Line by line, repeat the material below exactly and skip the images.
━━━ Provided material ━━━
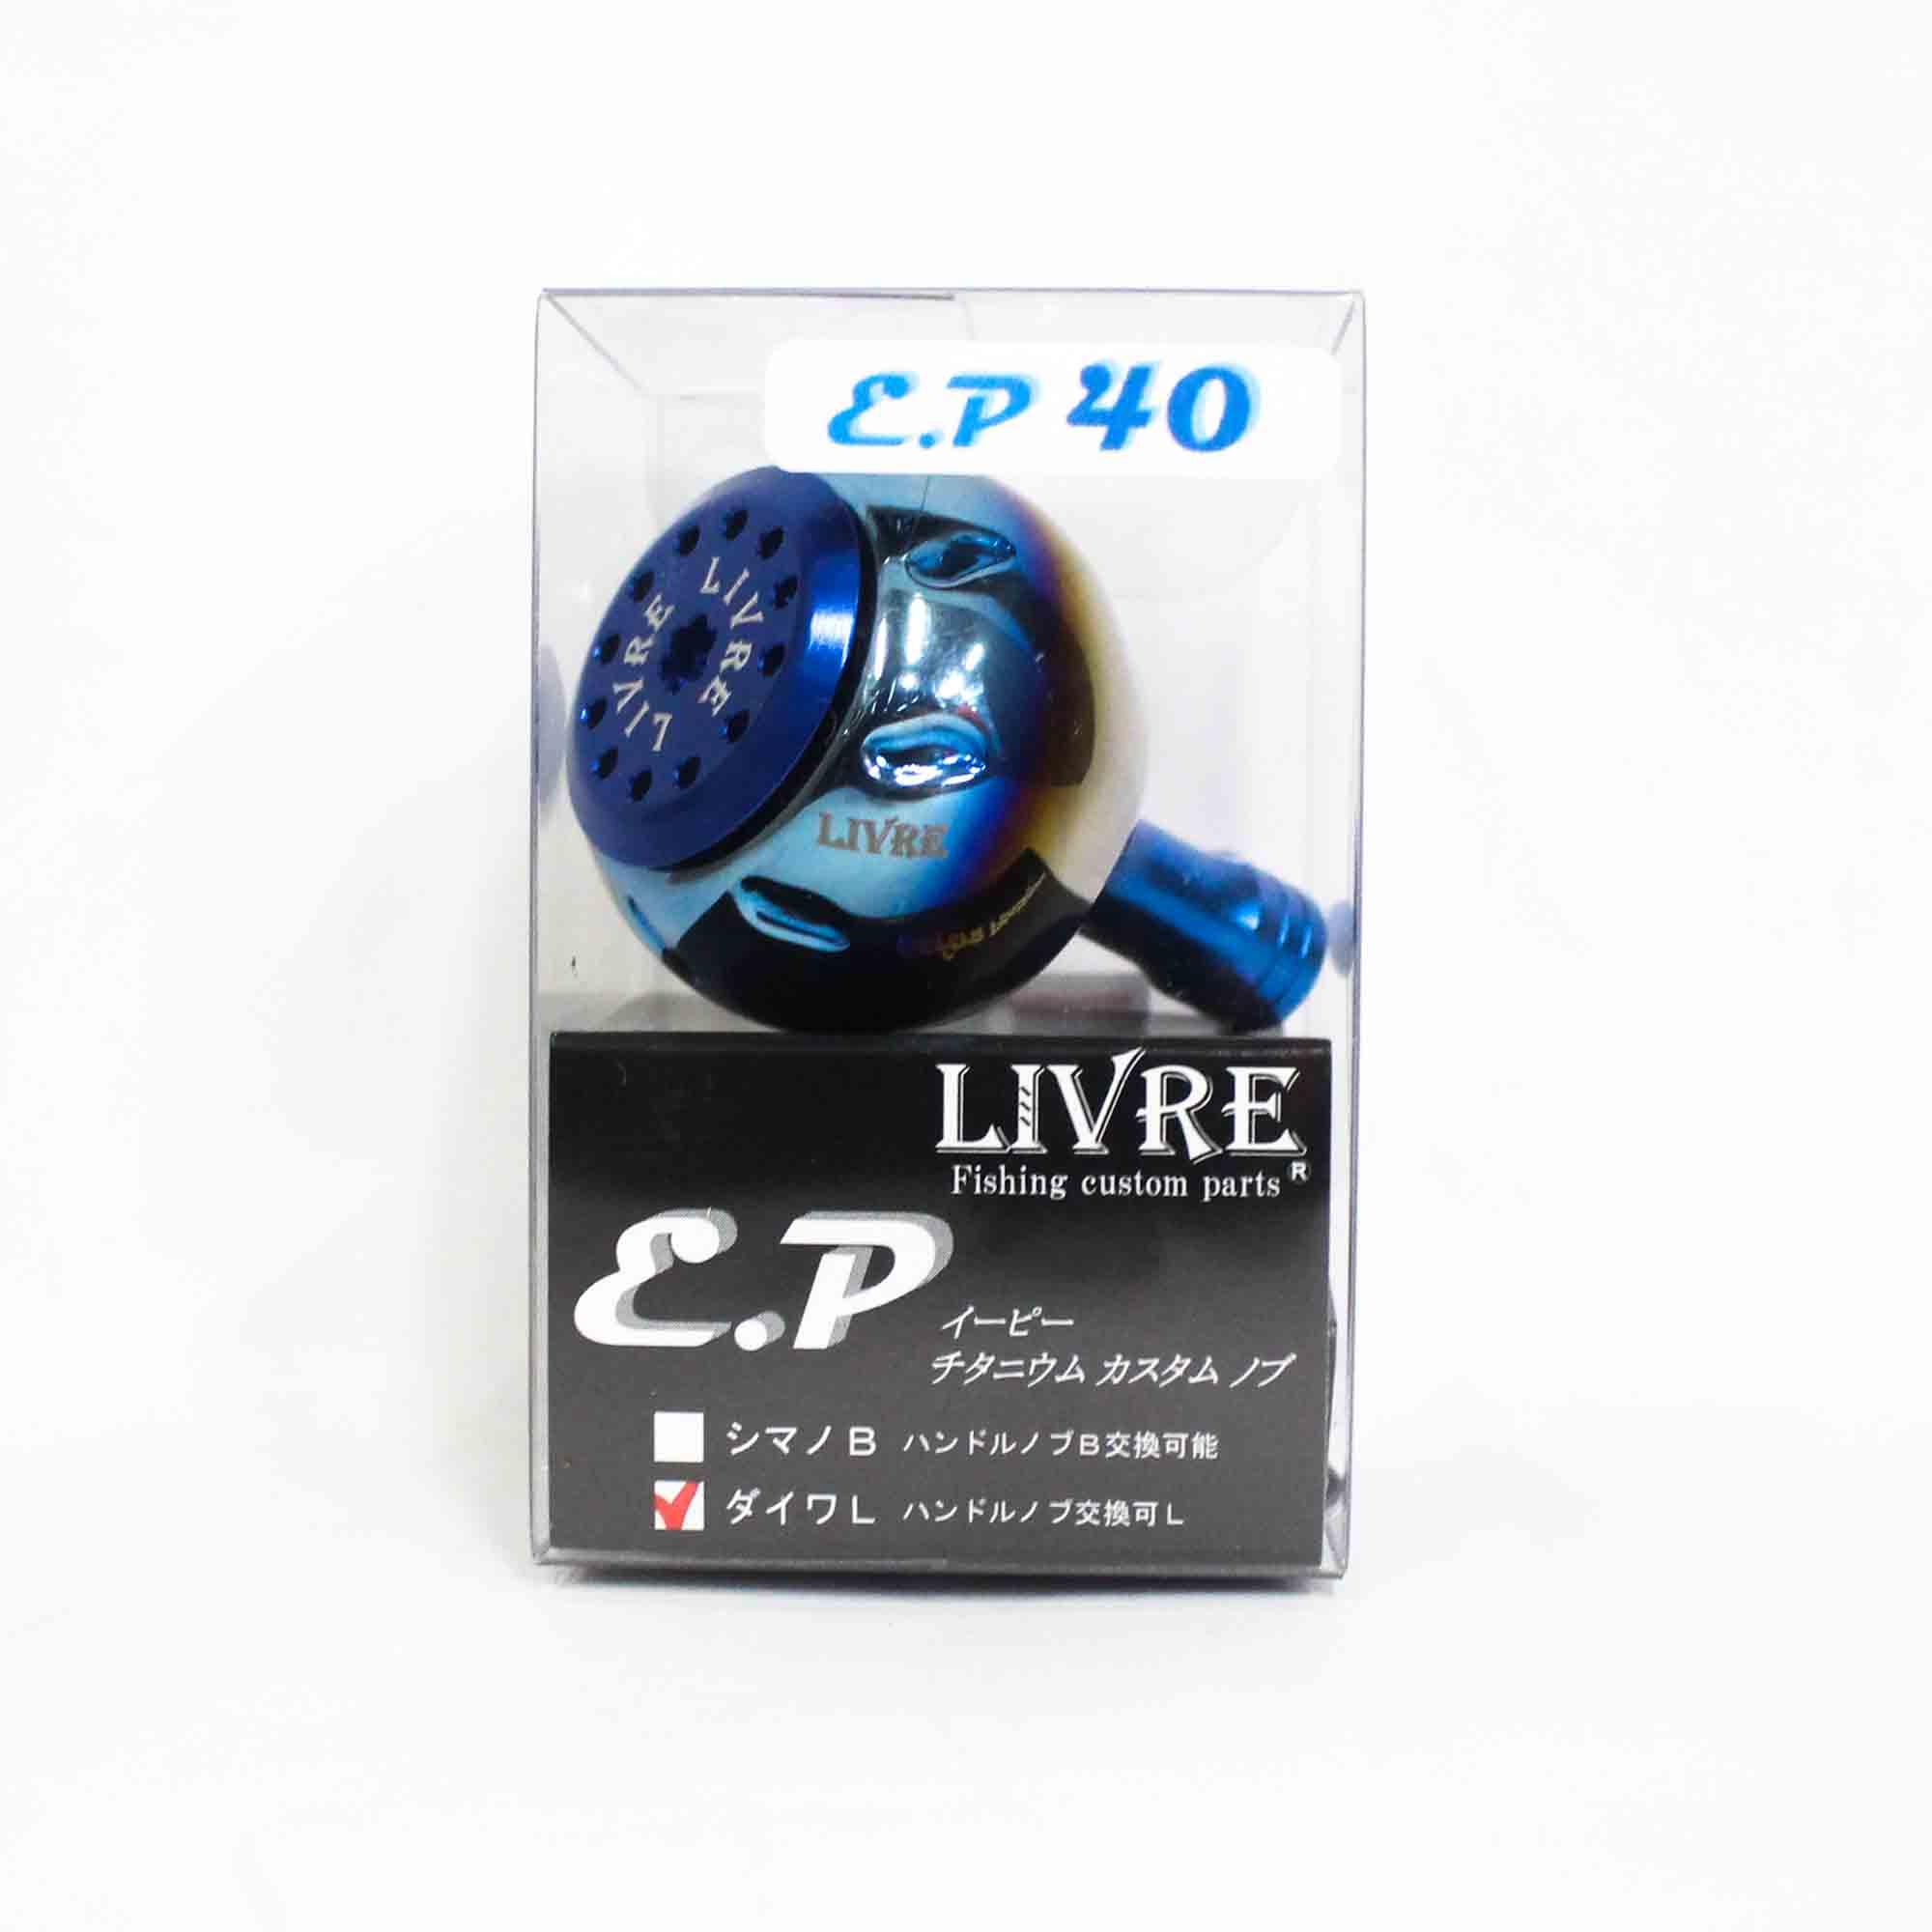 Livre E40LBL-1 Knob EP40 Shimano Daiwa (2578)
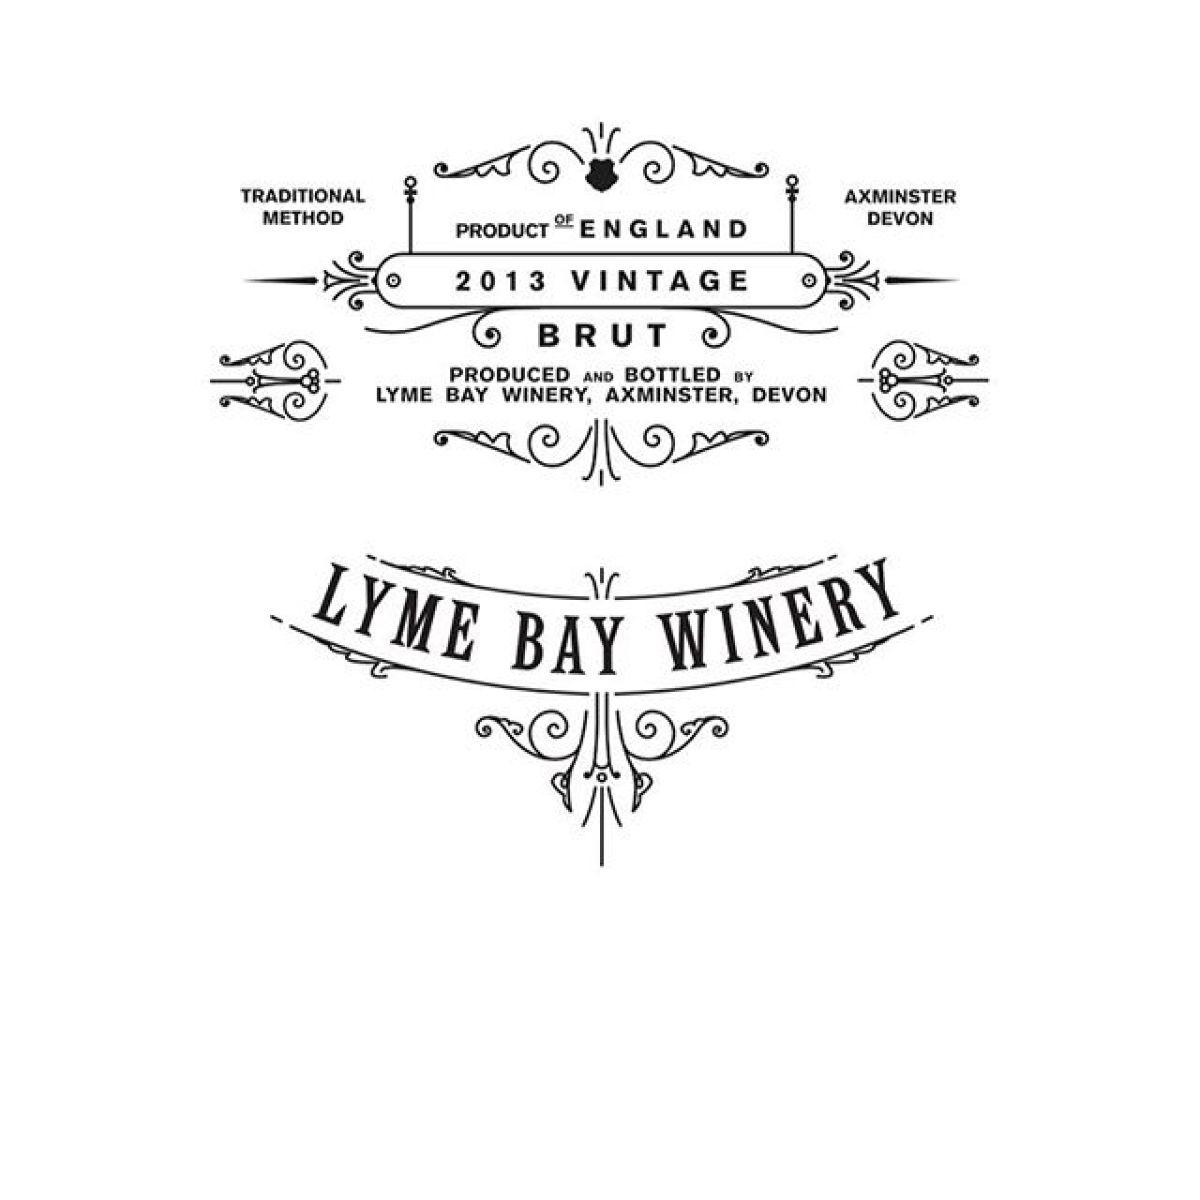 From The Archive — Development Work.@lymebaywinery.#englishsparklingwine #drawing #packaging #packagingdesign #labeldesign #branding #graphicdesign #label #foil #deboss #wine #winetasting #wines #englishwine #vintage #vinyards #winenot #winelife #england #British #markers #art #sparklingwine #christmas #festive
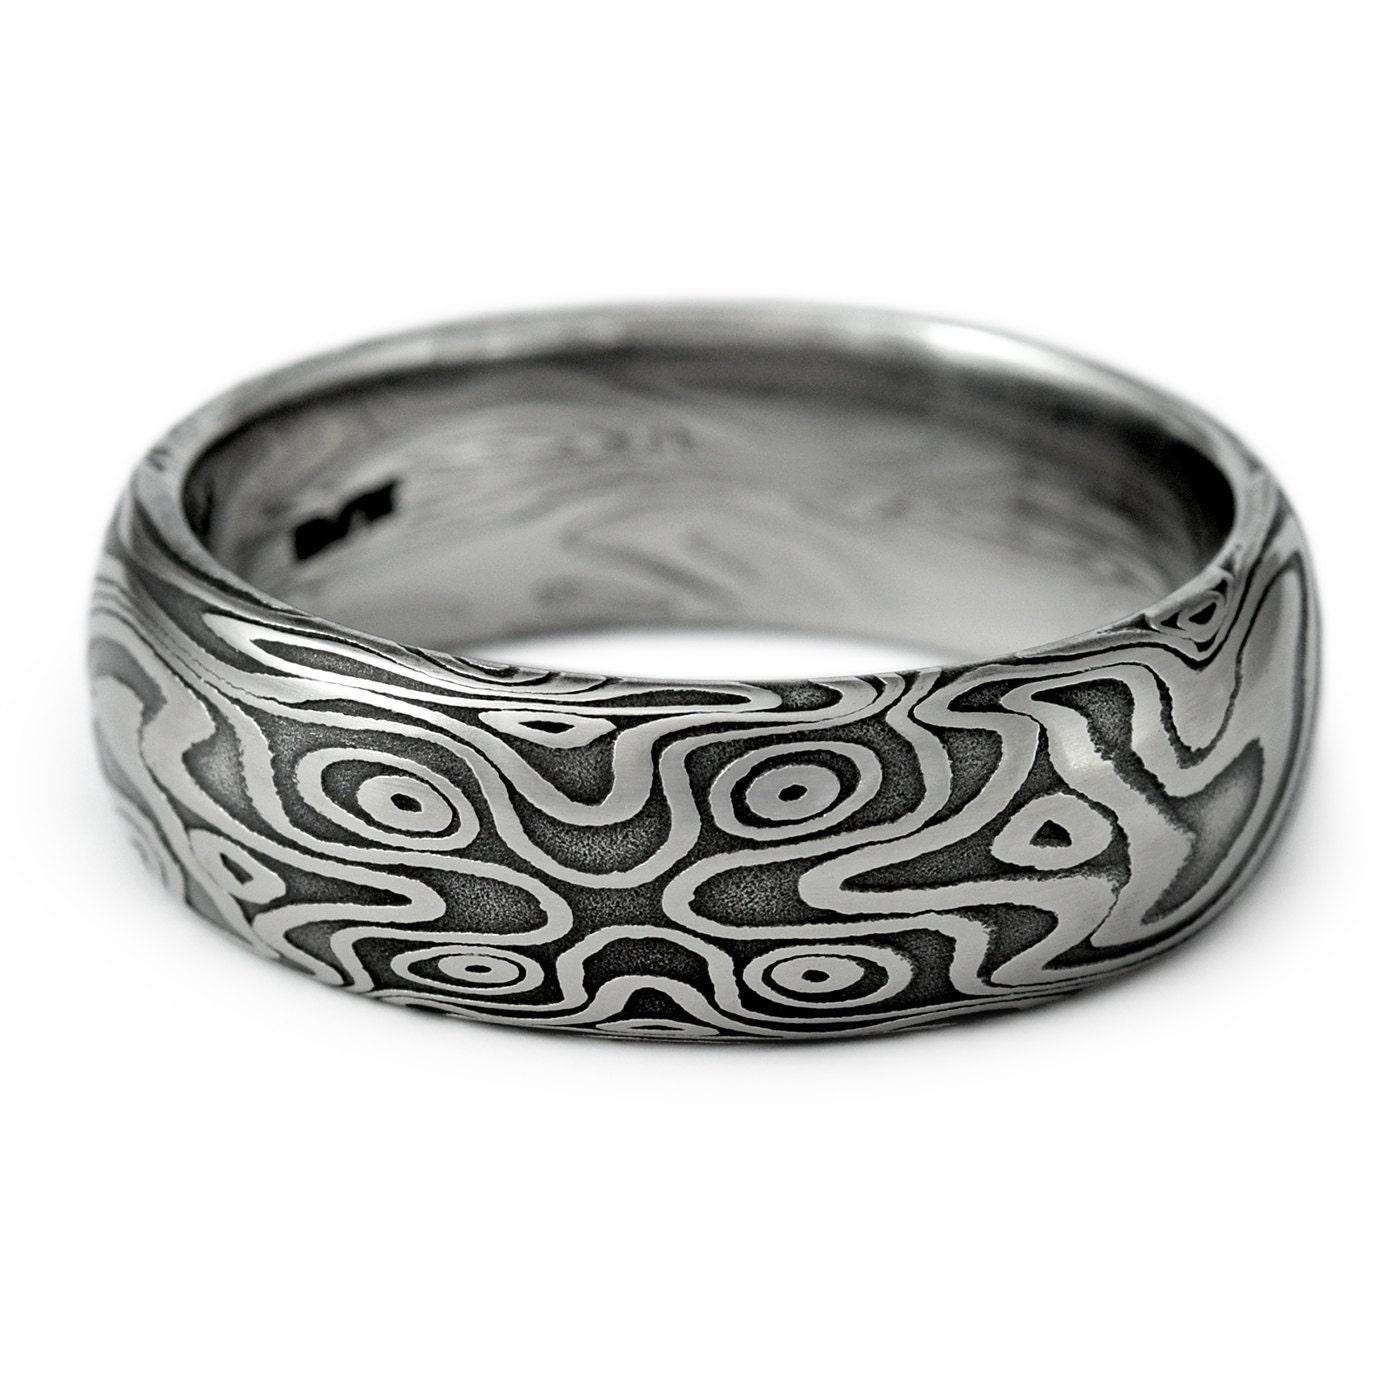 Man S Hand Bands: Wood Grain Ring Damascus Steel Men's Domed Wedding Band
━━━
▶ Exercise answer:
 Livre E40LBL-1 Knob EP40 Shimano Daiwa (2578)
 From The Archive — Development Work.@lymebaywinery.#englishsparklingwine #drawing #packaging #packagingdesign #labeldesign #branding #graphicdesign #label #foil #deboss #wine #winetasting #wines #englishwine #vintage #vinyards #winenot #winelife #england #British #markers #art #sparklingwine #christmas #festive
 Man S Hand Bands: Wood Grain Ring Damascus Steel Men's Domed Wedding Band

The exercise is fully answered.